HUMANPRACTICE

In agricultural production, efficient nitrogen fixation and nematode control are critical issues for boosting legume yields and advancing green agriculture. While traditional chemical nitrogen fertilizers provide short-term nitrogen supplementation, they often lead to soil compaction and fertility decline. Parasitic nematodes, like root-knot nematodes, damage crop roots, disrupting nutrient uptake pathways and inhibiting symbiotic interactions between nitrogen-fixing bacteria and plants. This creates a dual constraint of “nitrogen deficiency-nematode damage,” severely undermining agricultural sustainability. Our team is committed to addressing this challenge by exploring low-cost, environmentally friendly solutions through synthetic biology.

Literature studies indicate that luteolin serves as the core signaling molecule enabling legumes to establish symbiotic relationships with rhizobia. It specifically attracts nitrogen-fixing bacteria in the soil to aggregate around roots and induces nodule formation, significantly enhancing biological nitrogen fixation efficiency. simultaneously, when plants suffer nematode infestation, roots mass-produce salicylic acid as a stress response signal. Cry proteins derived from Bacillus thuringiensis exhibit specific toxic effects against multiple plant-parasitic nematodes while maintaining high safety for beneficial soil organisms. Furthermore, as an environmentally responsive molecular switch, salicylic acid has been demonstrated in synthetic biology systems to enable precise regulation of “stress signal-target gene expression,” offering a viable pathway for dynamic nematode control.

Integrating existing research foundations with agricultural production needs, we decided to focus on the targeted design of engineered bacteria: using synthetic biology to construct dual-functional engineered bacteria. On one hand, they continuously synthesize luteolin to enhance attraction to nitrogen-fixing bacteria, promoting root nodule colonization and efficient nitrogen fixation; while also endowing them with a salicylic acid sensing module. When nematode feeding on roots elevates salicylic acid concentrations, the engineered bacteria rapidly activate cry protein expression, achieving precise nematode repellency. This approach simultaneously addresses the agricultural challenges of low nitrogen fixation efficiency and nematode damage.

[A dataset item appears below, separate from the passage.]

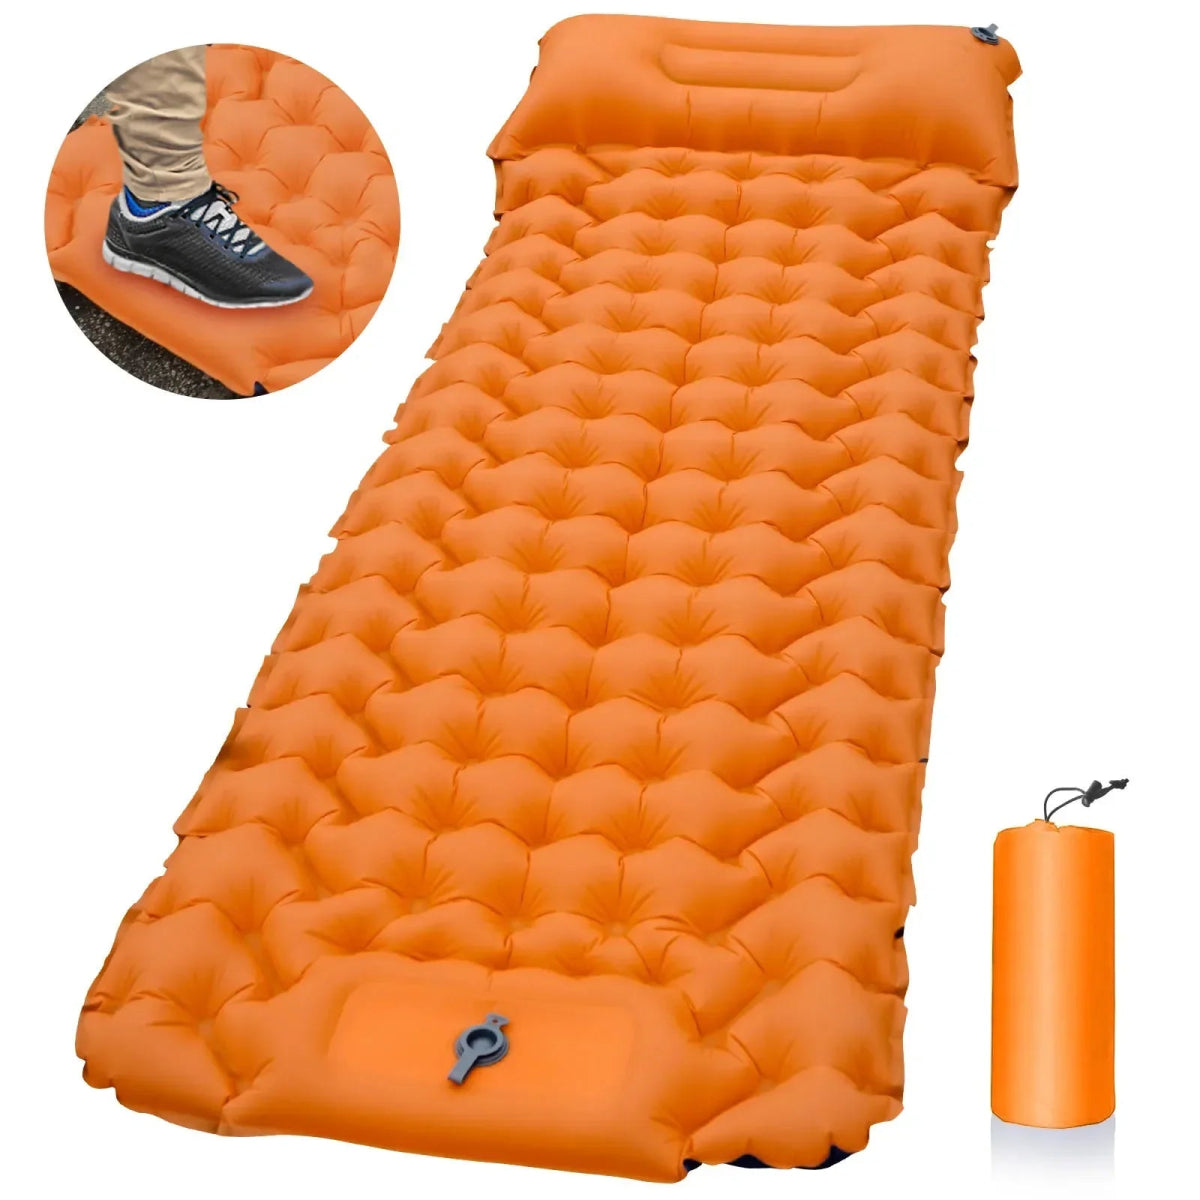 Outdoor Sleeping Pad for Camping, Inflatable Mattress with Pillows Travel Mat - Coffeio Store

To precisely define the project direction and solidify its theoretical foundation, we made a special visit to Professor Su Chao at Huazhong Agricultural University during the project's initial phase. Professor Su has long been engaged in research on nitrogen fixation through the legume-rhizobium symbiosis. We conducted in-depth interviews centered on three core topics: “Current Practices in Agricultural Nitrogen Fertilizer Application,” " Nitrogen Fixation Molecular Mechanisms of Rhizobia,“ and ”Regulatory Characteristics of Flavonoids on Nitrogen-Fixing Bacteria." These discussions provided critical academic references for project design.

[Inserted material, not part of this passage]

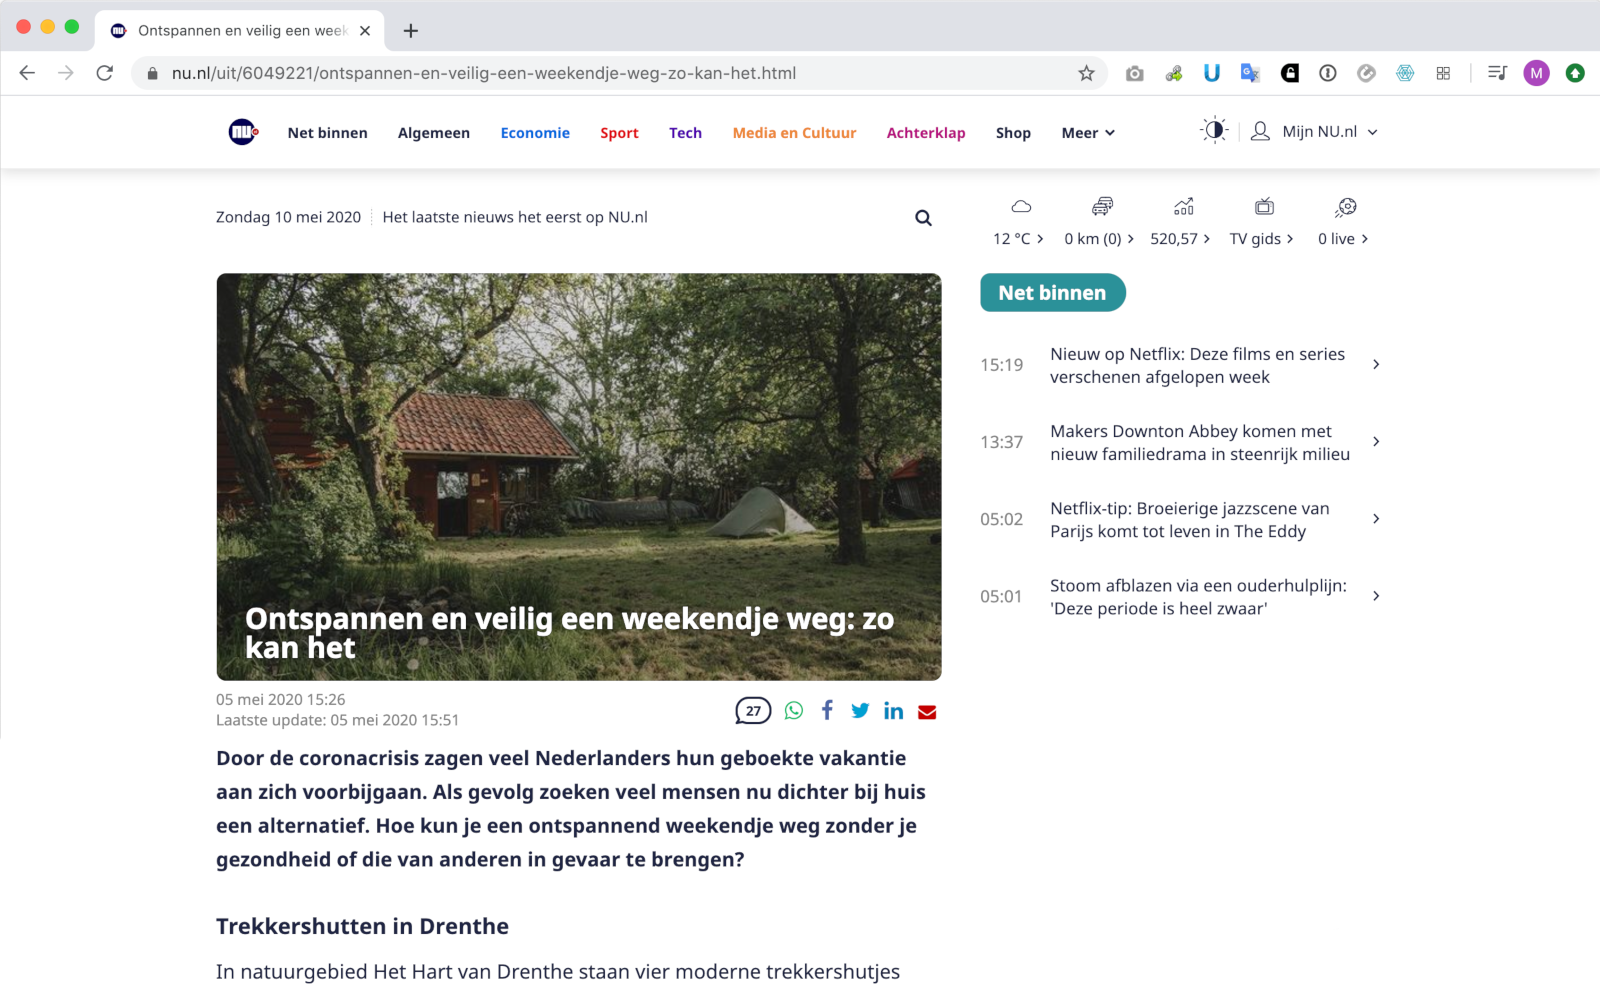 May 5, 2020 — Nu.nl on safe getaways in times of corona

Regarding pain points in the agricultural nitrogen fertilizer market and application, Professor Su highlighted, based on his team's years of field survey data: In current global agricultural production, traditional chemical nitrogen fertilizers account for over 70% of nitrogen inputs, yet crop utilization rates remain only 30%-40%. Unabsorbed nitrogen leaches or volatilizes into water bodies and the atmosphere, causing environmental issues such as water eutrophication and soil acidification. While biological nitrogen fixation (primarily through the rhizobium-legume symbiosis) enables “green nitrogen supply,” its efficiency in natural conditions is constrained by factors like soil microbial communities and climate. Commercial application coverage remains below 15%, creating a market gap characterized by “high demand and low efficiency”—a reality that further validates the necessity of our project to “optimize biological nitrogen fixation efficiency through synthetic biology.”

Regarding the molecular mechanism of rhizobial nitrogen fixation, Professor Su systematically dissected the core process of “plant-rhizobium signal interaction”: During growth, legumes secrete flavonoids into the soil. These compounds specifically recognize and bind to the NodD protein on the rhizobium cell membrane, activating expression of the nod gene cluster within the rhizobium. This triggers the synthesis and secretion of Nod factors by the rhizobium. Upon binding to receptors on plant root cell membranes, Nod factors induce root epidermal cell deformation and cortical cell division, ultimately forming nodule structures. Within these nodules, rhizobia differentiate into rhizobial cells, converting atmospheric nitrogen into ammonia via nitrogenase for plant uptake. This mechanism provides a clear molecular target for our subsequent work on “optimizing nitrogen fixation by regulating flavonoid secretion.”

Regarding the regulatory effects of luteolin and naringenin (flavonoids) on nitrogen-fixing bacteria, Professor Su particularly highlighted the current “mechanistic blind spot” in research: Although existing studies have confirmed that both can act as signaling molecules to induce nod gene expression in rhizobia, and while it is known that naringin serves as a precursor to luteolin, the core mechanisms by which they regulate nitrogen-fixing bacteria remain incompletely understood. Based on this understanding, we are more inclined to select luteolin as the core signaling molecule in our subsequent work.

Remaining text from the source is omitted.